References / Comparable Implementations
∙ ServiceNow Flow Designer — one unified builder spanning incidents, requests, assets, users, and custom tables.
∙ Jira Automation — a single automation surface covering issues, projects, and related objects with a consistent trigger/condition/action model.
∙ HubSpot Workflows — a central hub handling contacts, companies, deals, and tickets from one place.

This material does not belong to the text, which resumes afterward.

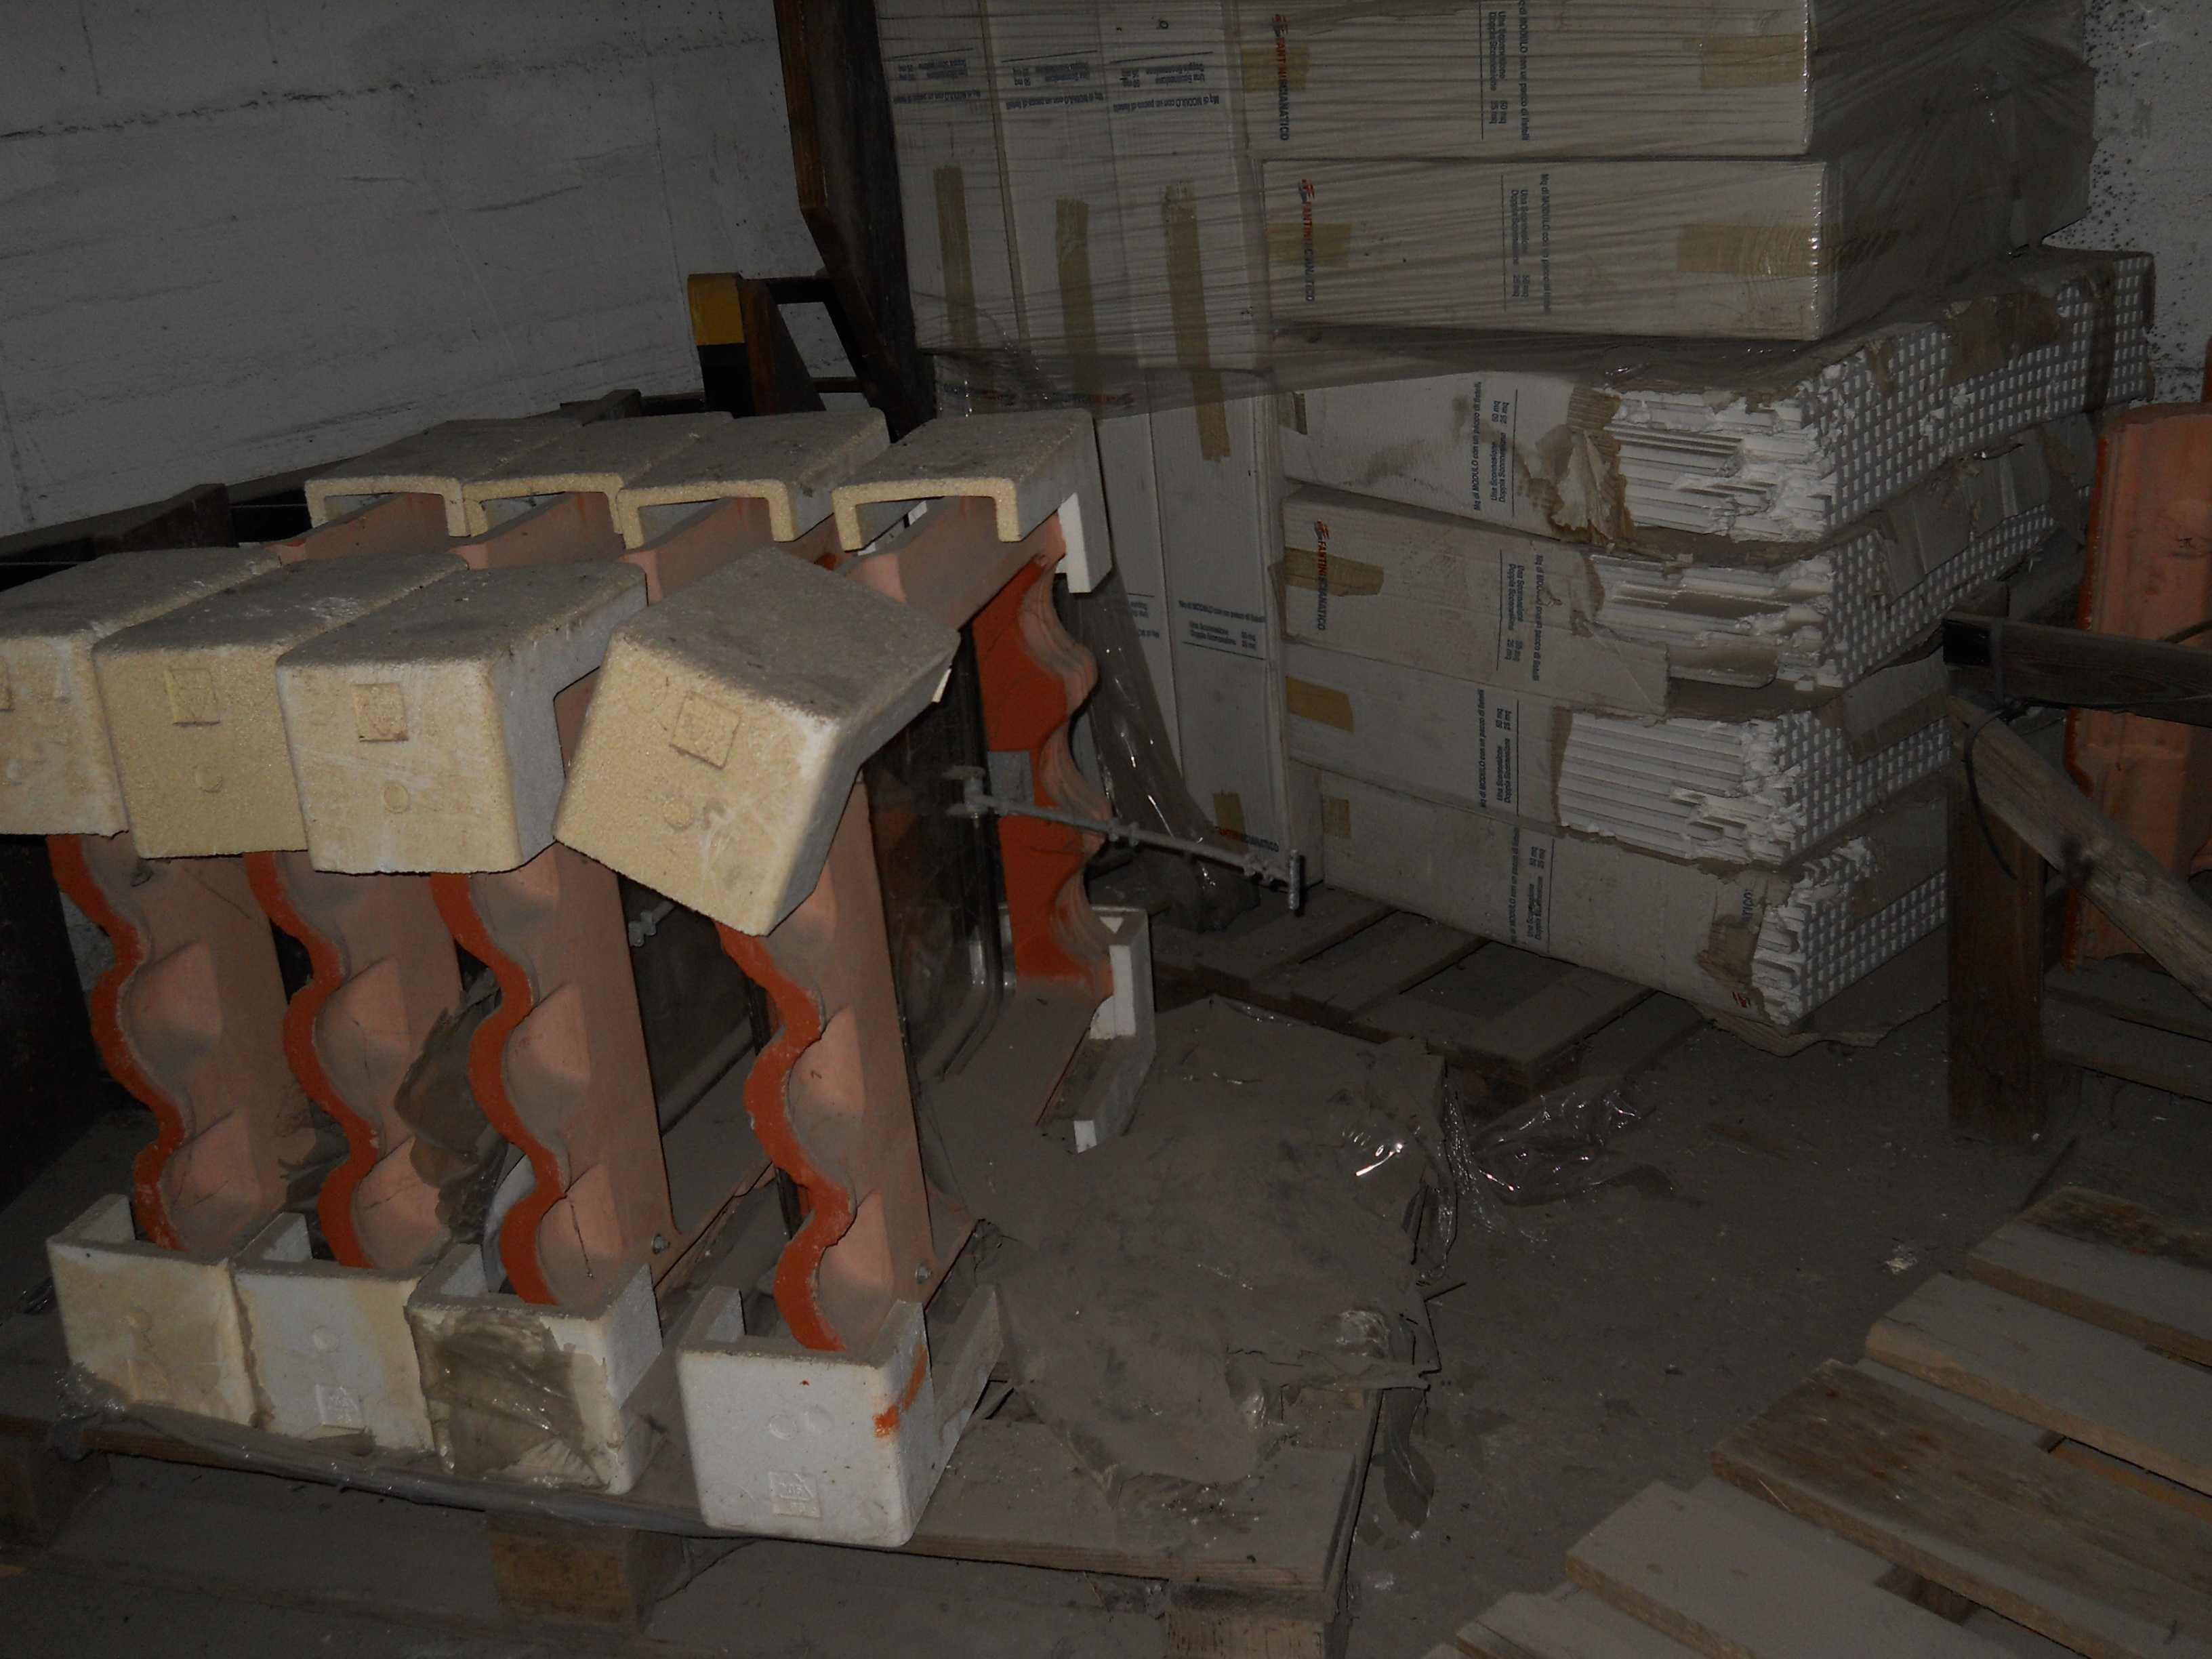 Stock di materiale edile e ferroso vario astemobili
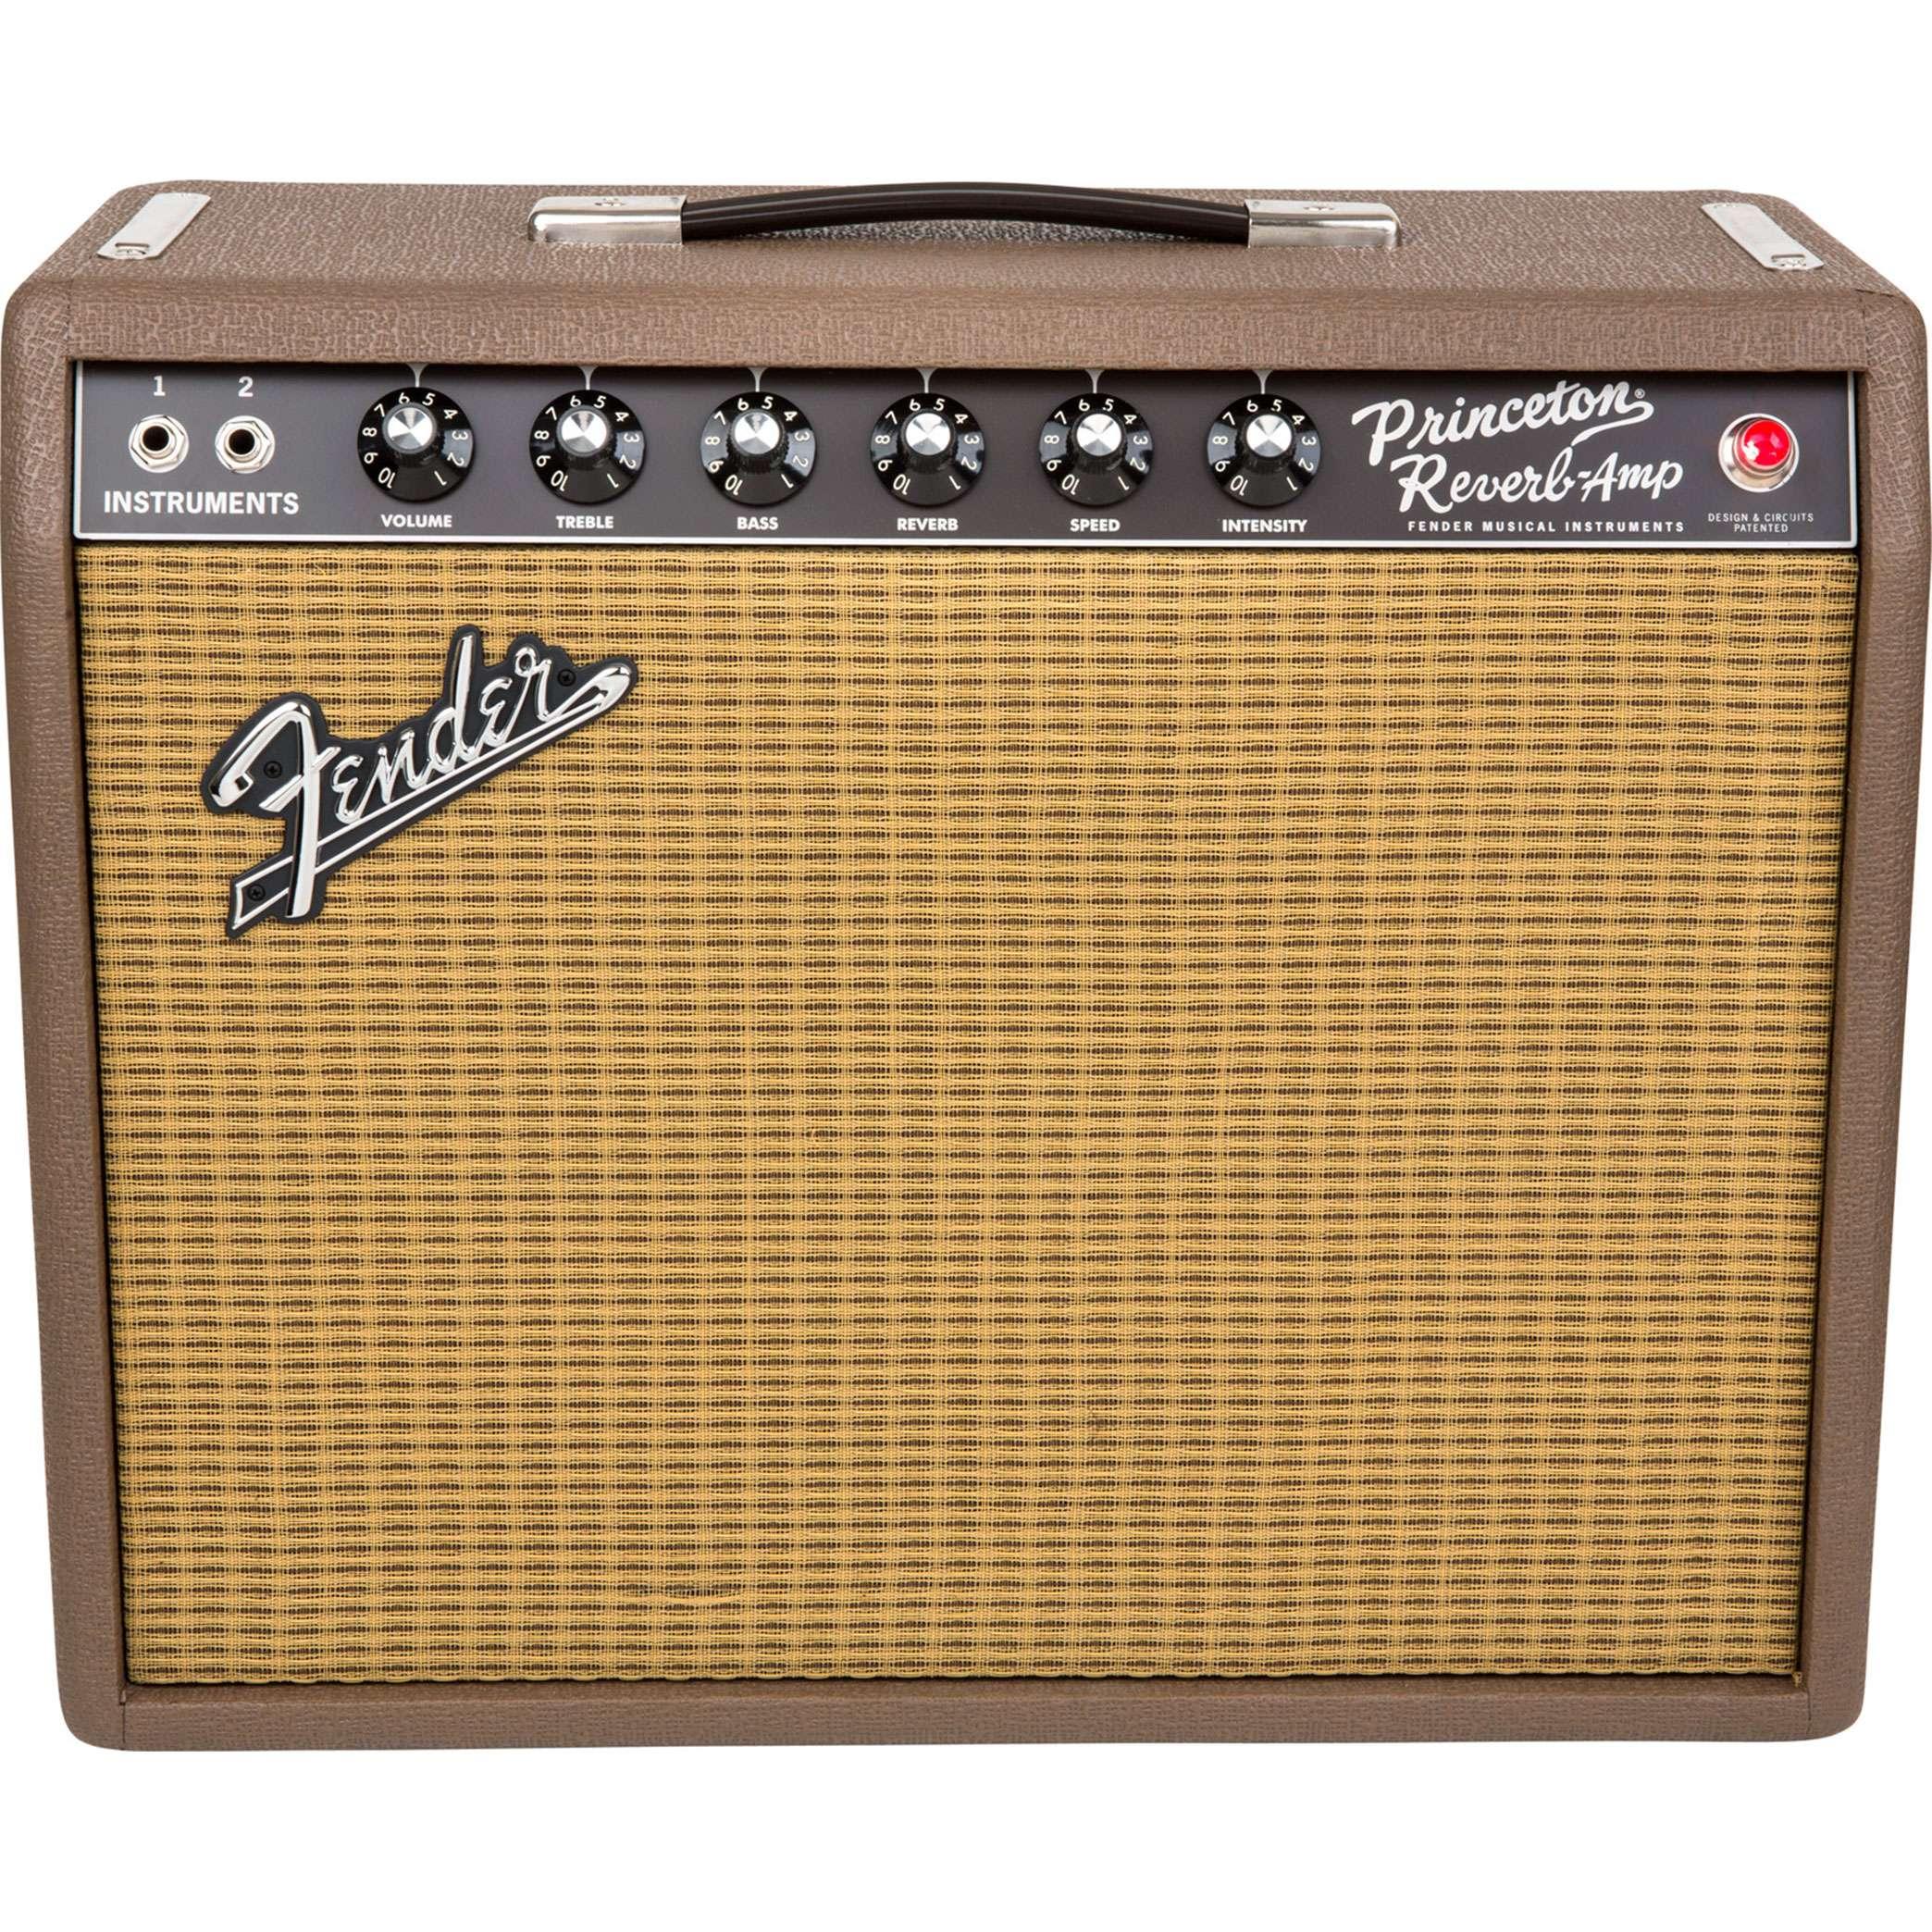 Fender Princeton Reverb FSR 1 1280x1280 2x

∙ Salesforce Flow — consolidation of previously separate automation tools (Workflow Rules, Process Builder) into a single builder, a direct precedent for exactly this kind of unification.
∙ Zendesk Triggers and Automations — a shared automation surface across the support object model.
Comments (1)
K
Kris C.
11 hours ago
P.S., I wanted to acknowledge and praise your team for being so quick to implement some of the feature requests, respond to support tickets and overall being friendly and helpful. Hopefully this one lands on the table as a value add. I wish I knew M1to1 was an option for us sooner!